-
Notifications
You must be signed in to change notification settings - Fork 0
nextflow config
author | date | tags |
---|---|---|
KH | 2023-01-31 | nextflow, workflow, nf-core, configuration, hilbert |
Nextflow comes with a great number of possibilities to provide configuration of your workflow, which can be very powerful (and sometimes confusing).
The configuration for Nextflow workflows can be defined on different levels and are applied with the following priority:
(Source: https://www.nextflow.io/docs/latest/config.html)
- Parameters specified on the command line (--something value)
- Parameters provided using the -params-file option
- Config file specified using the -c my_config option
- The config file named nextflow.config in the current directory
- The config file named nextflow.config in the workflow project directory
- The config file $HOME/.nextflow/config
- Values defined within the pipeline script itself (e.g. main.nf)

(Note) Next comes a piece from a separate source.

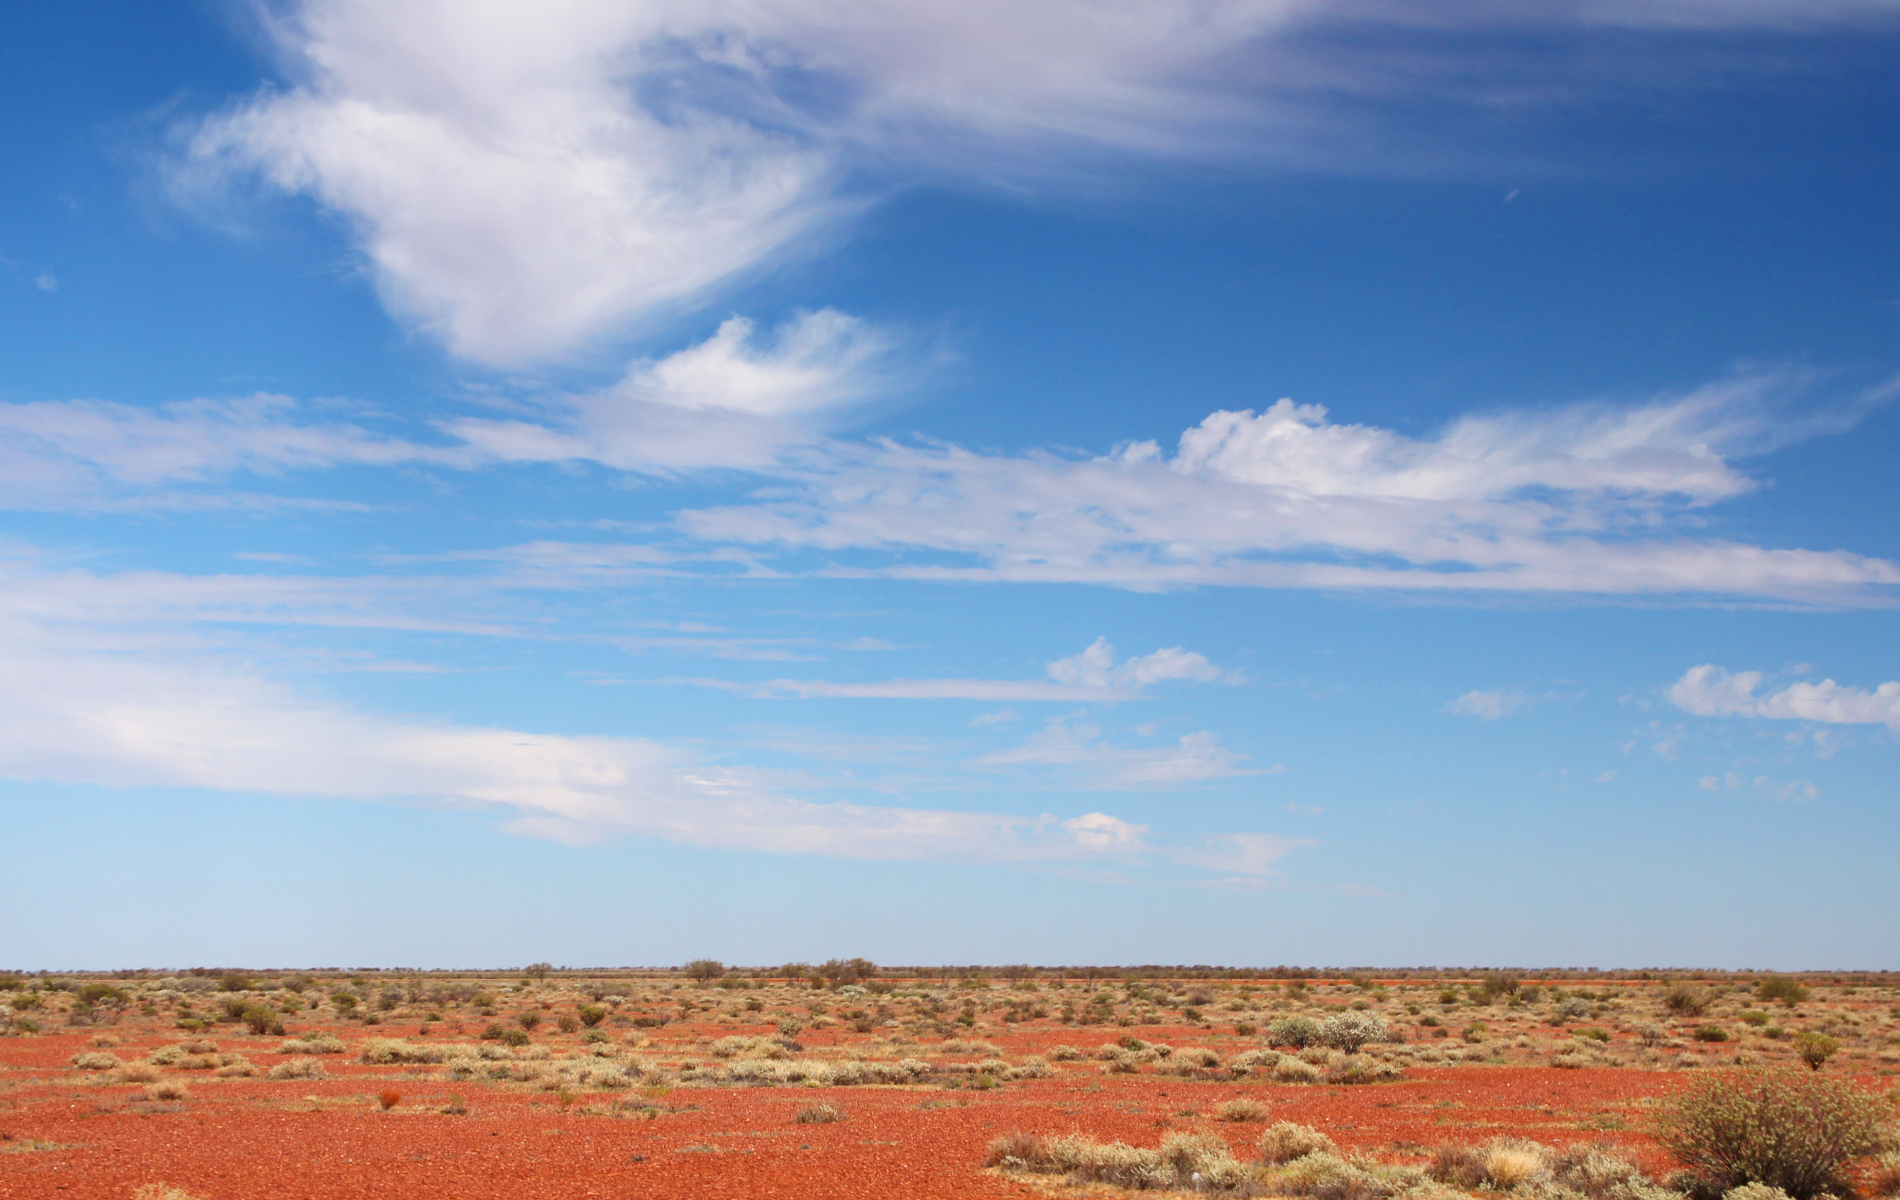 Image of Australian outback and blue sky

Generally, the following structure for storing configuration is recommended:
- Store configurations in separate
run.config
file, e.g., for adapting to Infrastructure or modifying processes. (3.) - Store workflow parameters in
nf-params.json
file, e.g., to provide samplesheets. (2.) - For testing parameters or options, you can provide them using the command line flags. (1.)
Options 4.-7. are mostly relevant for workflow development, e.g., to set default parameters or preconfigure processes. Within nf-core workflows, it is not necessary to change the nextflow.config file within the pipeline.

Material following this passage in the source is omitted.